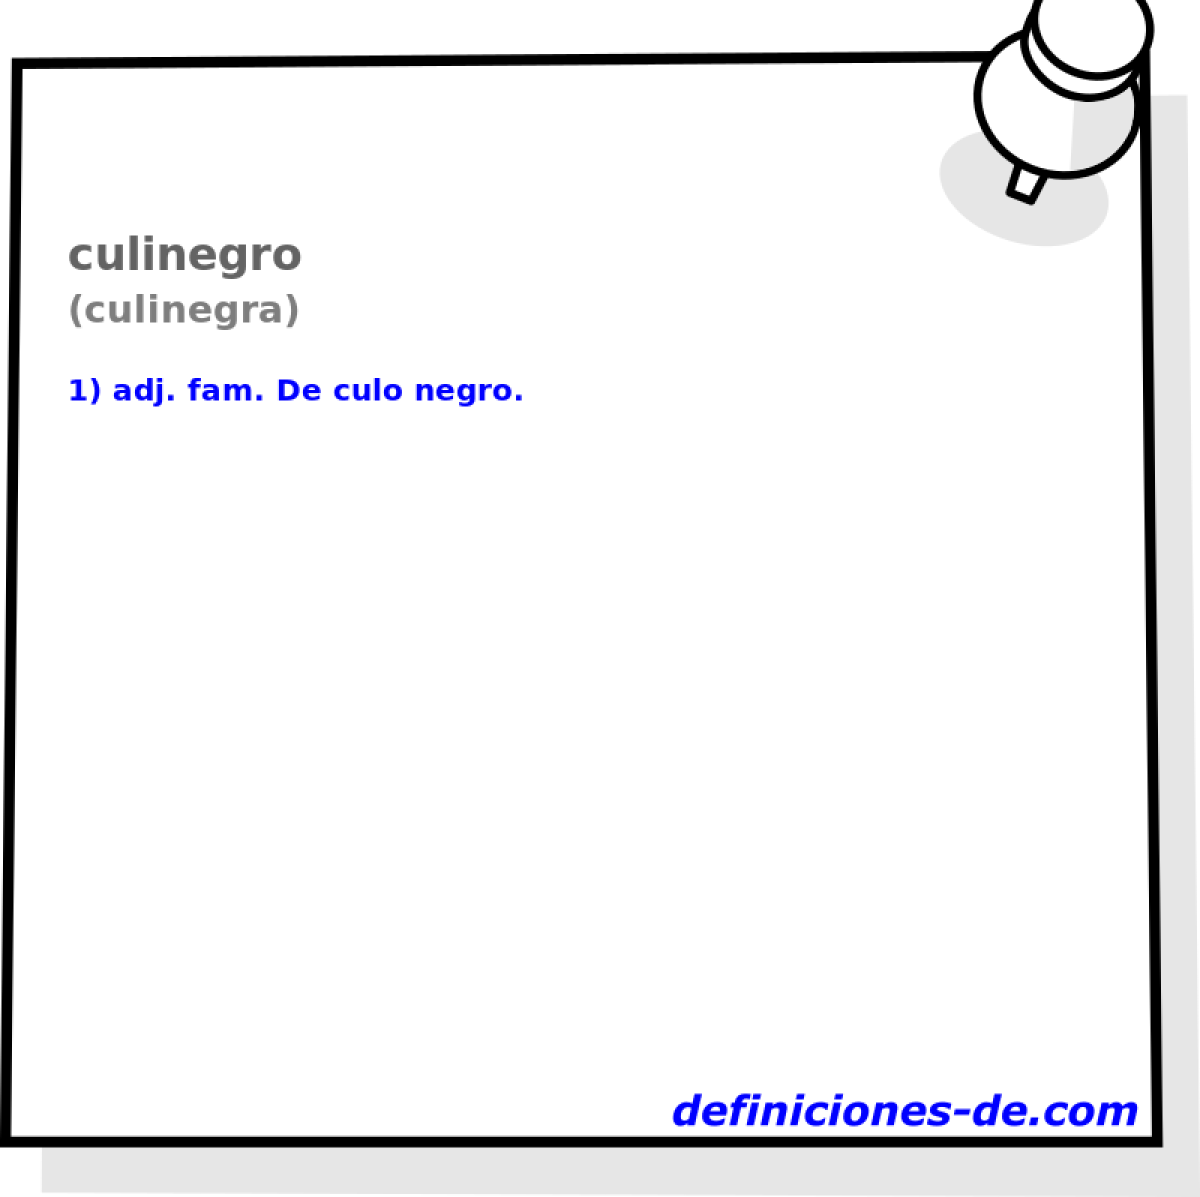 culinegro (culinegra)
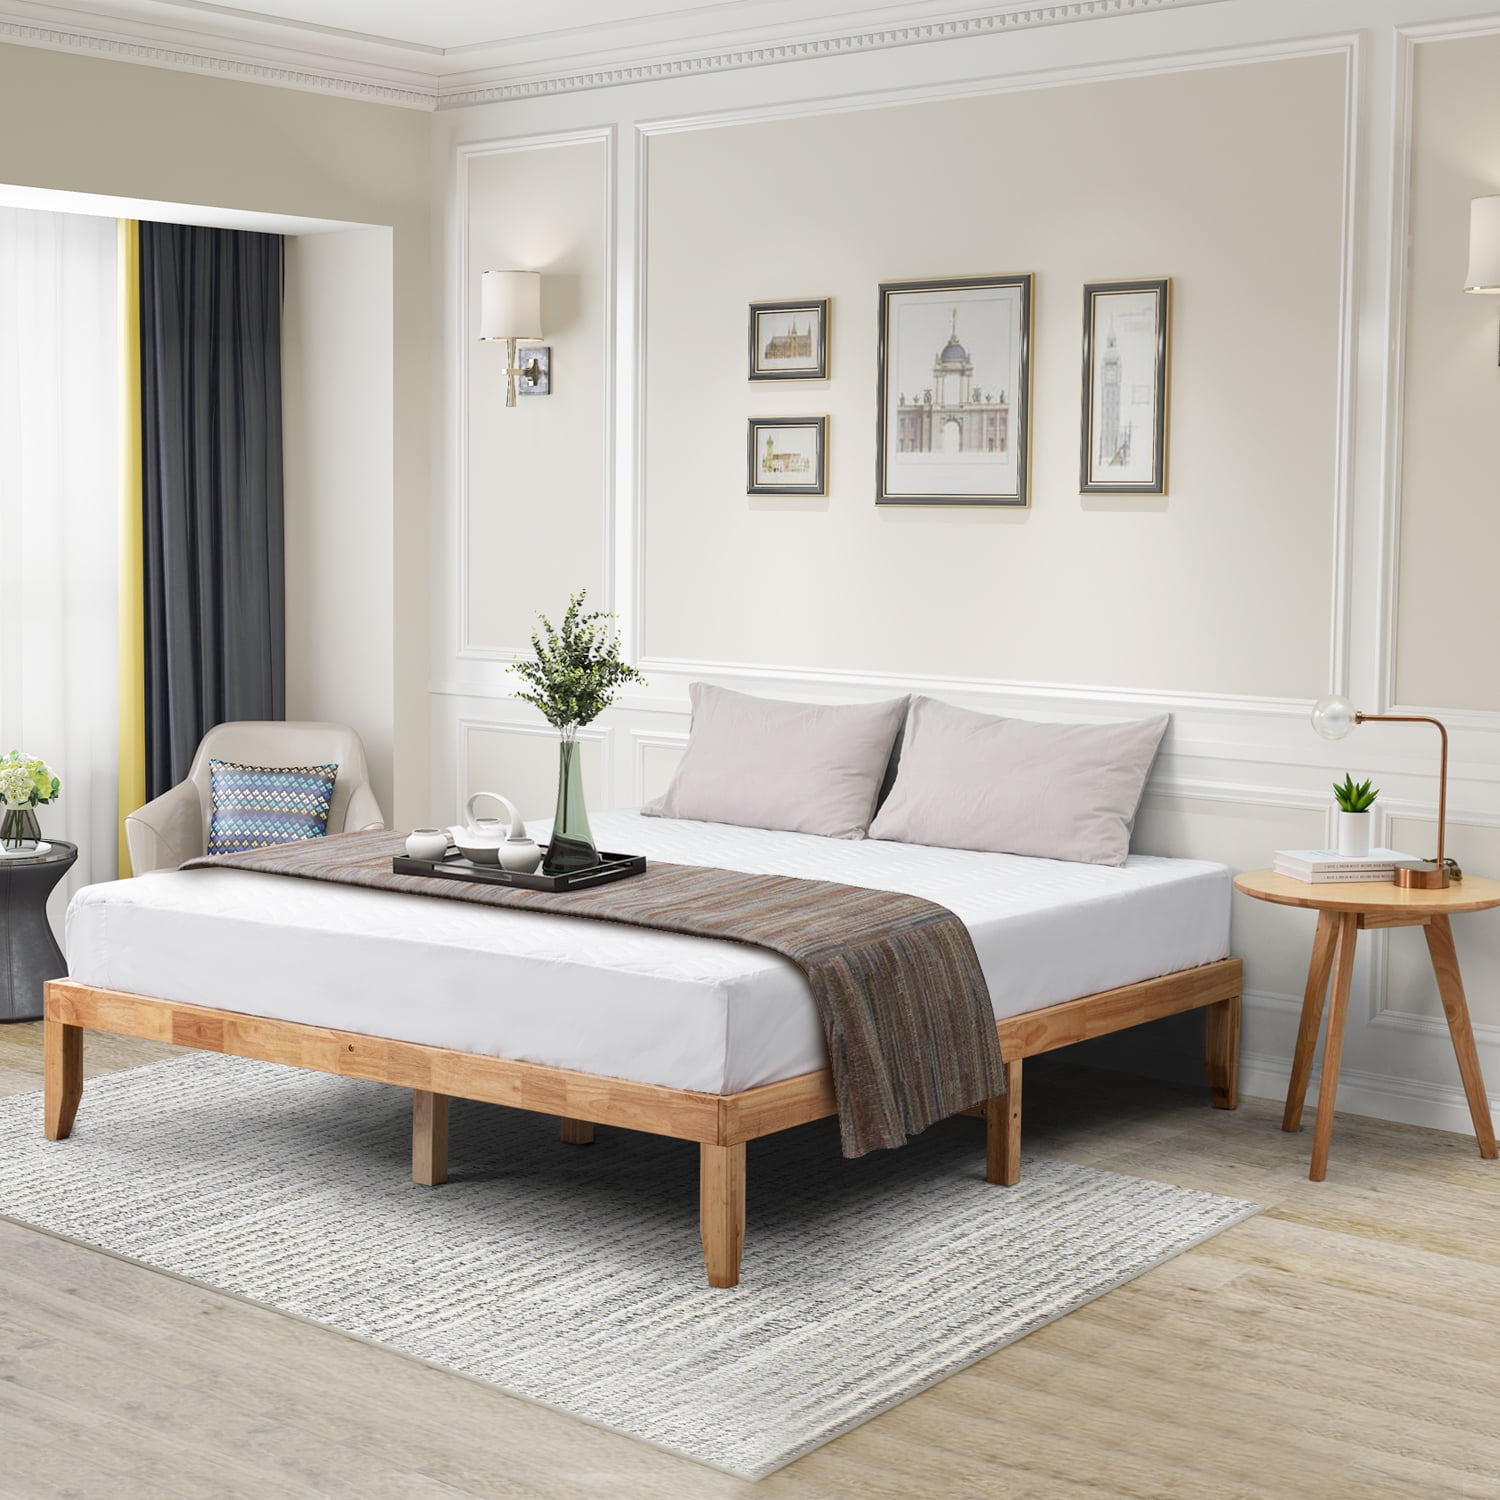 Bed Frame With Natural Wooden Slats, Wooden Slats For King Size Bed Frame
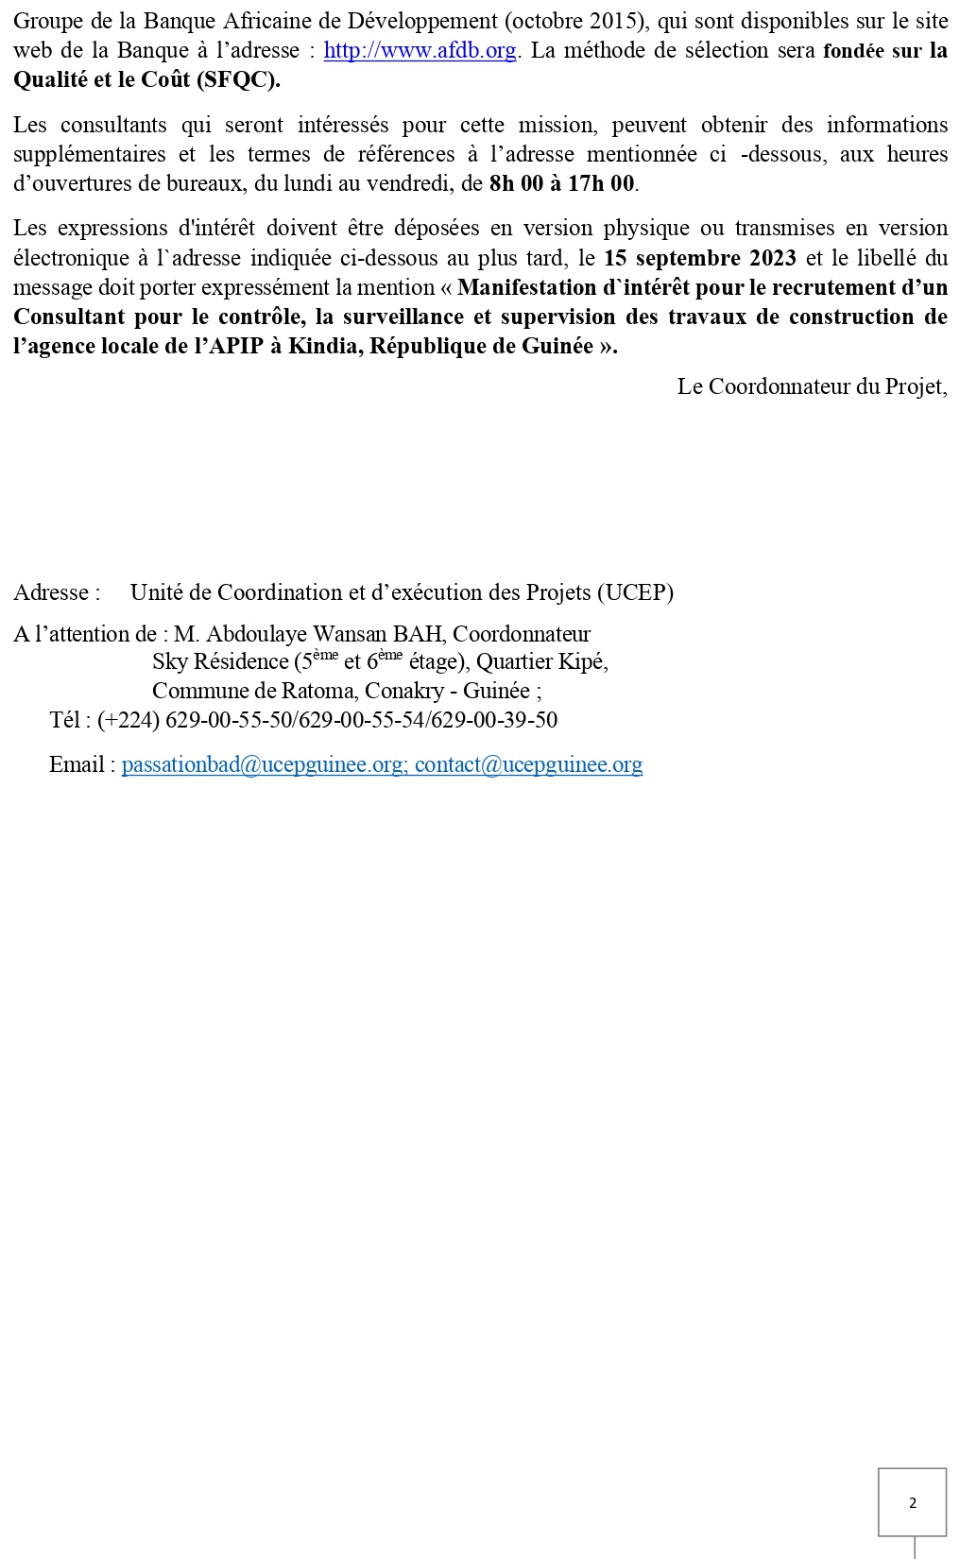 Avis à manifestation d’intérêt pour le Recrutement d’un Consultant (firme) pour le contrôle, la surveillance et la supervision des travaux de construction de l’agence locale de l’APIP à Kindia (Guinée) | page 2
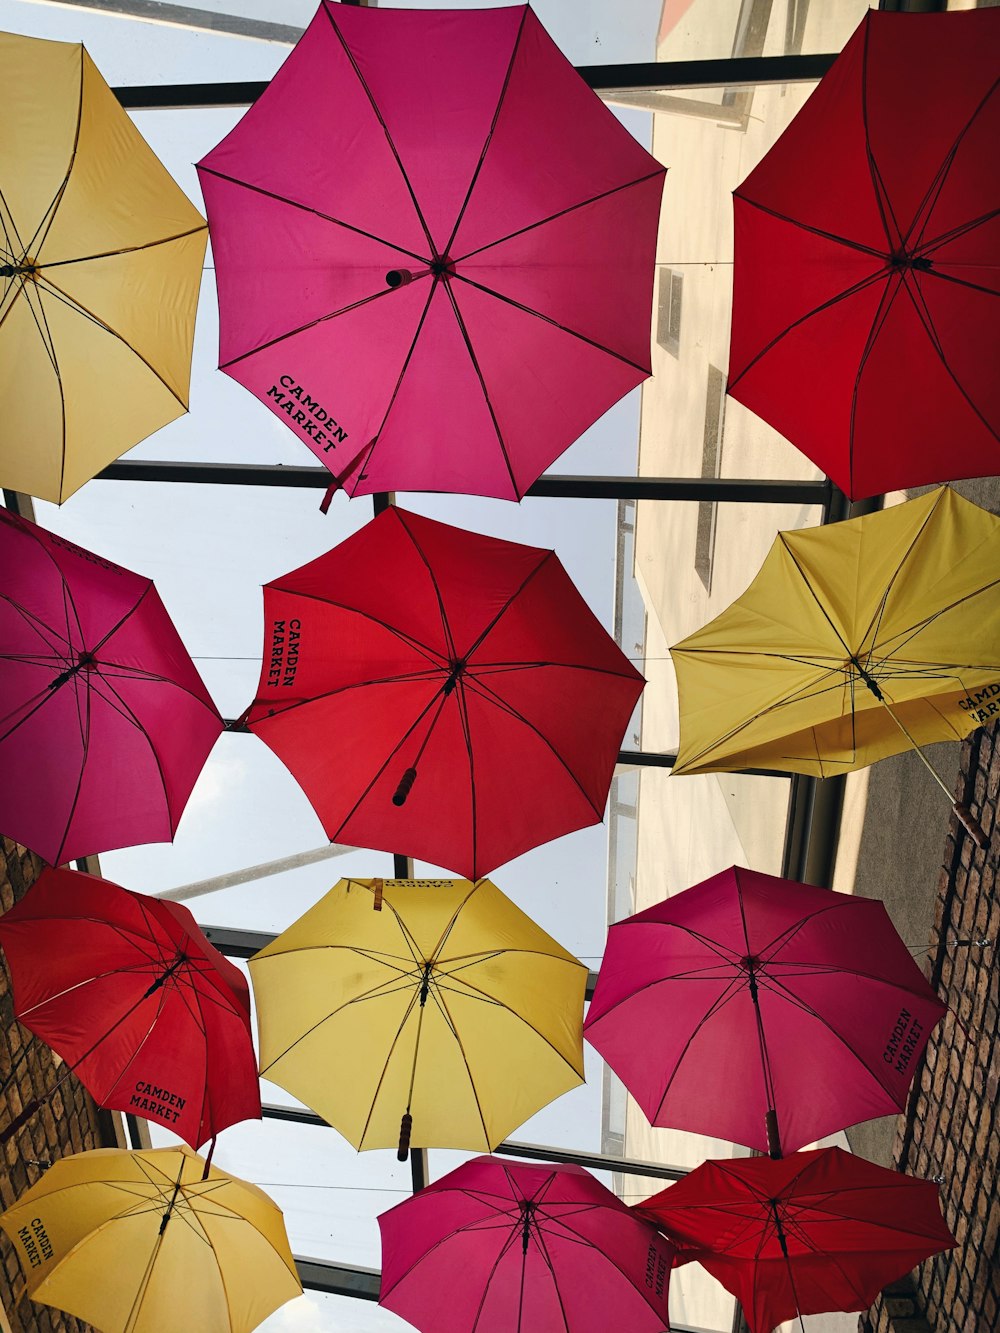 red umbrella on white umbrella

*Task*
An exact reproduction of the data is required, with pictures excluded.

*Task result*
 culinegro (culinegra)
 Bed Frame With Natural Wooden Slats, Wooden Slats For King Size Bed Frame
 Avis à manifestation d’intérêt pour le Recrutement d’un Consultant (firme) pour le contrôle, la surveillance et la supervision des travaux de construction de l’agence locale de l’APIP à Kindia (Guinée) | page 2
 red umbrella on white umbrella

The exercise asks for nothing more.